Usually, clients that choose CFD brokers have the highest risk tolerance, as the nature of potential leveraged products (some brokers offer non leveraged trading and investing as well) is risky.

However, with CFD brokers you will be able to earn much more from your partner program as with a traditional robo-advisor. You should already know or get insights into your traffic on what they are mostly interested in, and then choose your program accordingly.

robo advisor vs stock broker

What would we recommend to partner with?

The choice is yours. Usually, stock brokers are often seen as more trustworthy than any CFD brokers. However, large CFD brokers have a different business model and thus can pay higher commissions to their affiliates. With a reliable CFD broker, you could earn 5 to 10 times more money than with a stock broker. The downside is that you may lose clients that would have signed up with a traditional stock broker, but don’t trust any CFD broker. Robo-Advisors are sometimes hard to market, as they did not get the traction everyone expected them to have by now. Ultimately, it depends on your traffic and your offers. As we do not know both, we can’t offer you any solid advice.

What is the best stock or investing affiliate/partner program?

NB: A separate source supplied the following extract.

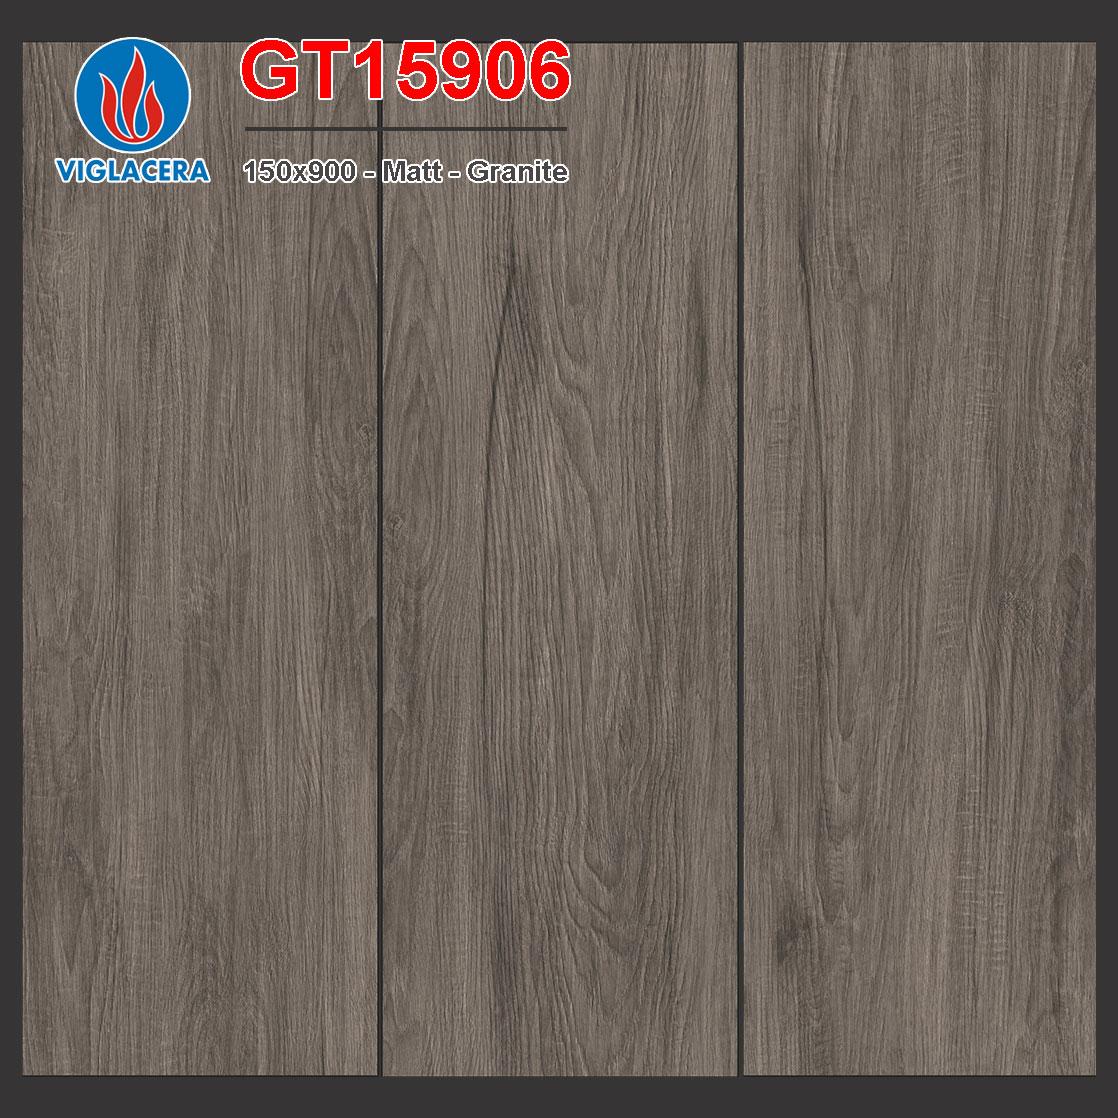 Gạch vân gỗ 150x900 Viglacera GT15906 giá rẻ

best forex affiliate program

Award-winning brands

Some affiliates found their partner program by looking at how many awards their possible partner got. At pipmetrix, we always ignore awards as they are often not really reflective of reality. Some companies pay to get awards, so they can actively promote them. As everyone could make an award, it is straightforward to gain awards.

Our recommendation

To be completely open and honest. We can’t give you an exact recommendation because every situation is different and therefore everyone needs a different affiliate program. What we do recommend is that you stick with the big & established brands if you are still unsure about choosing an affiliate program.

Conclusion

Choose your partner wisely and don’t just pick the first partner program or the one with the highest offers.